Bobby Garnett's fabulous vintage emporium in the SoWa warehouse gallery complex is well known to Japanese denim aficionados, movie wardrobe professionals and local rockers. The pristine stock spans the 1930s to the '70s and, although women's clothes are sold, the focus is menswear. Here you'll find both $25 501s and three-figure vintage versions, American sportswear and lots of cool suits, including English labels from the 1960s.
The most varied and laid-back of Boston’s local thrift stores is 40 South Street (née Gumshoe). Run by local rock legend Hilken Mancini, it walks the line between vintage and thrift so adeptly, you’d be hard pressed to know there was ever a line there to begin with. You can find clothing-era representation from the ‘50s to the ‘90s, and all of it is high quality, clean, and moderately priced. If you’re looking for a plaid shirt or a pair of jeans, then you have definitely come to the right place—their selection is almost overwhelming, but in the best way possible.
Accessories and jewelry stores
It takes restraint to leave here without an armful of bangles. Newbury Street’s newest addition has three floors of eco-friendly bracelets made in every metal imaginable. If you can’t find what you’re looking for, just head downstairs to the bangle bar and customize your own bracelet with charms and beads.
Local milliner Marie Galvin designs a quirky array of handmade headpieces for Boston’s ladies who lunch. Whether you’re looking for an understated bridal hairpiece or a Kentucky Derby-style topper, this shop won’t disappoint. Hats range from ornate to outlandish, but all are sure to make a statement.
A stroll down a brick-lined courtyard brings you to this quirky shop that specializes in handmade jewelry and home accessories. Patch is brimming with original artwork and the scent of aromatic candles. Here, you’ll find everything from antique-looking pendant necklaces done in oxidized sterling silver to Ikat scarves made of sensuous silks.
Entered from the Pru mall or Ring Road, the formerly staid (and much smaller) branch of the famous New York store recently got a slick revamp. The ground floor designer accessories department is arranged in mini "boutiques," while cosmetics is similarly divided up into individually labeled stands. It's a good place to snap up popular young sportswear labels such as Vince, but service can be patchy.
In a sea of chains, Trident remains a tried-and-true standby for the more indie-minded of Boston’s over-caffeinated literary nerds. The magazine selection is peerless—art zines, obscure trade publications… and is that a Spanish edition of Foreign Affairs?

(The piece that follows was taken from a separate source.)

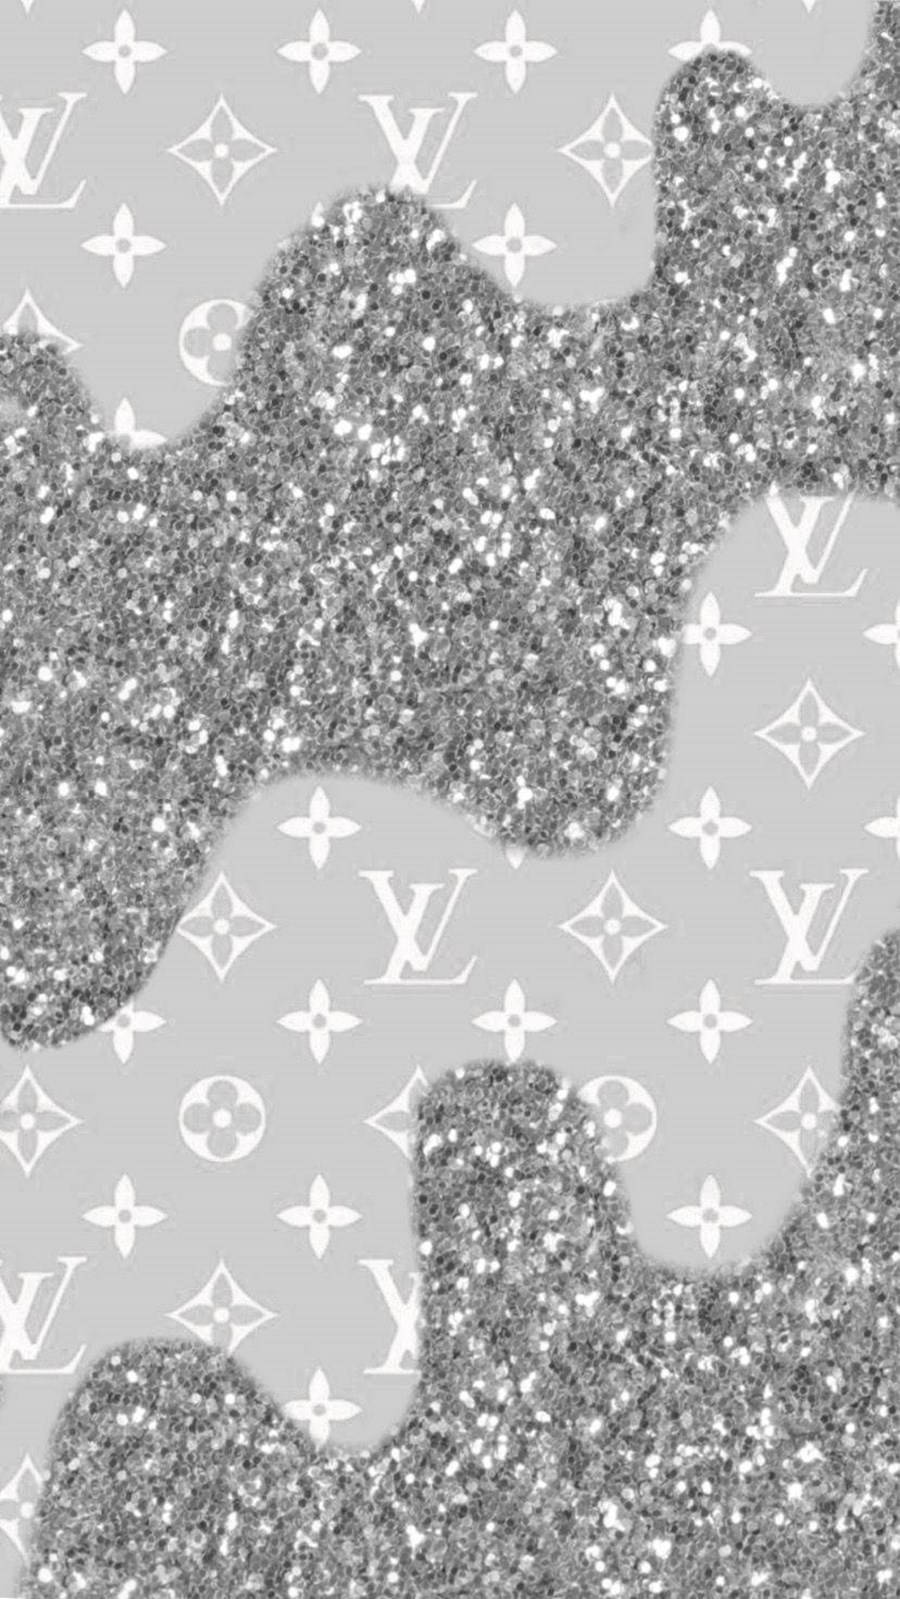 A glittery louis vuitton pattern on grey background - Silver, Louis Vuitton, bling

The city has plenty of spots that brew a better cup of joe, and Trident does get a tad too packed on weekends, but there's still something about lounging with a latte and a Lethem novel that makes us feel so flippin' smart.

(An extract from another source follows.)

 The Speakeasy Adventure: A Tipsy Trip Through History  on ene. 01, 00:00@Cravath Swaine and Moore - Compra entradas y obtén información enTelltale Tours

North of the Charles River and in need of a paddling? Hubba Hubba has got the wrist action you're looking for. The shop is best known for its independently designed S&M gear and fetishwear (with more than a pinch of punk). Shop owner Suzan Phelps has been helping locals spice up their wardrobes for over 25 years.

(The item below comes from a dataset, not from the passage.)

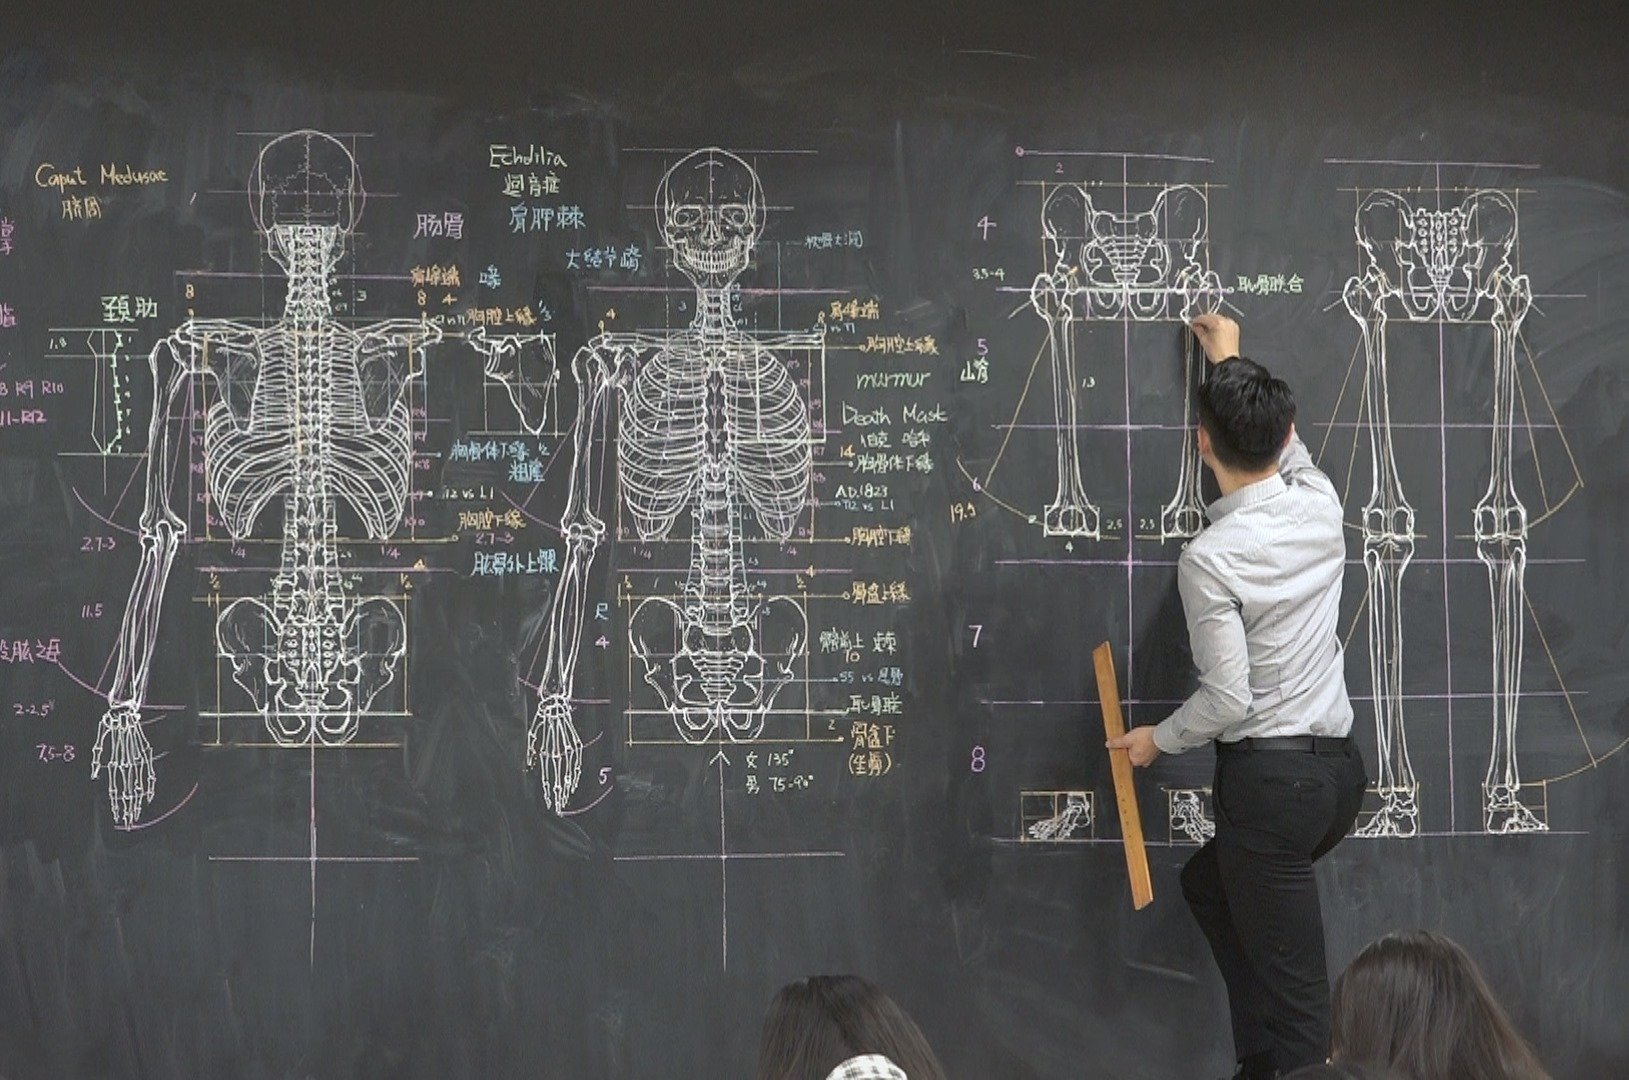 University Teacher Goes Viral For His Insanely Detailed Blackboard Drawings

While it’s located on the reputably posh Newbury Street, this basement-level shop caters to those looking for a good time of the non-classy variety. Pledging “to protect and serve,” Condom World retails an array of adult party favors, novelty items and games, making it the default destination to stock up on bachelor/bachelorette party supplies. Feel free to giggle out loud; they’re used to it.